"Sense Motive" in FFG's SW system?

Do the FFG SW game mechanics in any way support an attempt by a listener to “read a person”, i.e., figure out if it’s likely that he’s lying? (Using subtle cues from speech, body language, etc.)

Certain other game systems have some sort of Sense Motive (or Psychology) vs. Bluff skill contest for situations where someone is lying, and Sense Motive vs. a set difficulty for situations where the speaker is not lying.

As far as I can tell, FFG’s SW system only has the Deception skill (on the liar’s side) vs. Discipline (on the listener’s side).

That’s great if the speaker is actually lying, but not so useful to the lie-detecting listener if the speaker is actually telling the truth. Forcing the truth-teller to roll Deception vs. the listener’s Discipline/Adversary rating: “The listener’s high Discipline skill/Adversary talent makes it harder for a truth-teller with low Deception to … tell him the truth?!?”

A high Discipline skill/Adversary rating should not make it automatically harder to detect the truth in this case.

Can anyone point me at a splat-book with information on “lie detection” skills and how they work when the truth is being told?

Or suggest a sensible skill vs. skill opposed check in the case of someone actually telling the truth to the listener?

Who should roll the active portion of the opposed check? The truth-teller or the listener? (I’m leaning towards the listener.)

Full disclosure: This question stems from a game in which I am the GM and Bellona is a player. However, I’m going to answer this question as I would should it not involve me, since topics like this are for the benefit of casual viewers as much as those directly involved.

I am unaware of any rules regarding this sort of situation, though I think Deception is the closest match.

I handle situations like this with a normal Deception check (Adversary doesn’t apply). Reasons why:
If you are telling the truth:
You’re trying to convince somebody of something of which they likely have minimal or no knowledge, or else conflicting knowledge. Thus, you have to be convincing enough that they believe you without further evidence or anything backing you up. If you do have something backing you up, it should add Boost.
If you are lying:
You’re trying to convince somebody of something of which they likely have minimal or no knowledge, or else conflicting knowledge. Thus, you have to be convincing enough that they believe you without further evidence or anything backing you up. If you do have something backing you up, it should add Boost.

Adding a Boost or downgrading the difficulty because, when telling the truth, your story should have no holes, is reasonable, though I disagree with the blanket application of this since being truthful doesn’t guarantee that you’ll be correct or remember everything exactly.

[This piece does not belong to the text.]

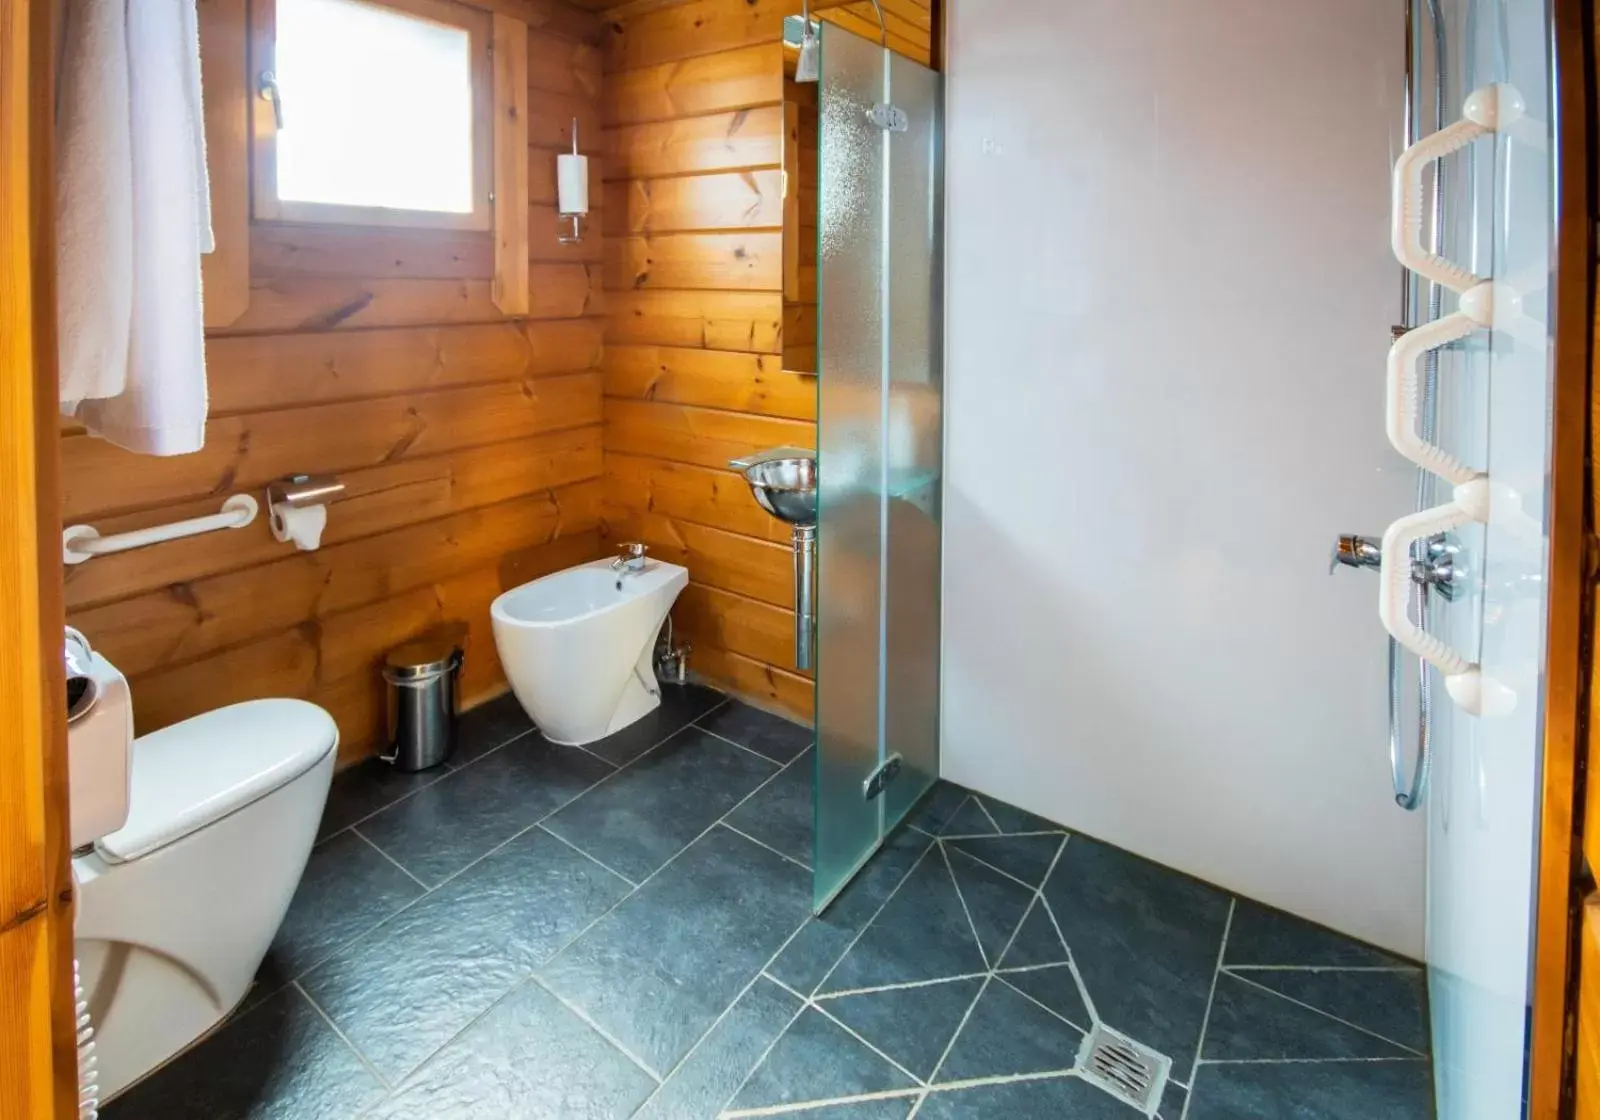 Shower, Bathroom in Hotel Somlom - ECO Friendly Montseny

Additional reasons why I think Deception makes sense, and why a high Discipline/Nobody’s Fool makes it harder to convince them:

  1. Someone who is unrelentingly skeptical (hah, see what I did there?) and refuses to be fooled by someone is going to be more hesitant to believe the truth, especially when he’s already suspicious. If a check needs to be rolled for either the truth or a lie, it means that the target is already inclined to disbelieve the acting character, and likely already has conflicting information (whether falsified or not).
  2. Generally, we’re more likely to believe the first thing we hear. If we then hear something contradictory, we’ll be inclined to disbelieve the contradictory information (see confirmation bias).
  3. Part of a high Discipline and resistance to untruths is a stubborn refusal to be taken in by something you think is false. This can make it difficult to convince somebody who already thinks you are lying.
  4. Somebody can say something true, but either have such little credibility or say it in such a way that you think he’s lying, even when what he’s saying is totally true. This is where a high Deception skill comes into play. If you’re really good at convincing people that a lie is true, you’ll also be very good at convincing people that a truth is true, unless they already know you’re a liar in which case you’d add a bunch of Setbacks, upgrades, or difficulty dice to the check.

Who should roll the active portion of the check? I (obviously) say the truth teller. It’s incumbent upon him to convince the hearer of the veracity of his statement, just as it is incumbent upon the liar to convince the hearer of the veracity of his statement.

In the case of someone who is simultaneously being lied to by two characters (meaning he’s being introduced to both arguments at the same time, and has not already been convinced of one or the other and has to sort out the truth), then it should be a competitive check opposed by the target’s Discipline.

Here's what it was before competitive check, as that option completely slipped my mind.

I’d say that the listener should make the check, with a difficulty determined by the skill disparity between the liar and the truth-teller. If it’s about the same, Average. If the liar is much better, Hard or more (upgraded once per point of skill over the other). If the truth-teller is much better, Easy (just Easy, no positive upgrades or further difficulty reductions).
So if the liar has 4 Cunning and 3 Deception and the truth-teller has 2 Cunning and 1 Deception, I’d set it at Daunting with 2 upgrades and appropriate Setback or Boost, with success allowing the acting character to determine the truth.

I really don’t think this needs to be an opposed check since nothing is being attempted from the person being read. A simple Discipline check versus a difficulty of my choice would suffice in a game I would be running, as again nothing it is being actively resisted against. Maybe add in some setbacks or boosts depending on if they’re a familiar species or not - Ithorians faces being much harder to read for a human. On the inverse, rolling an opposed check every time they are suspicious would help maintain the meta illusion and not telegraph when an NPC is actually lying.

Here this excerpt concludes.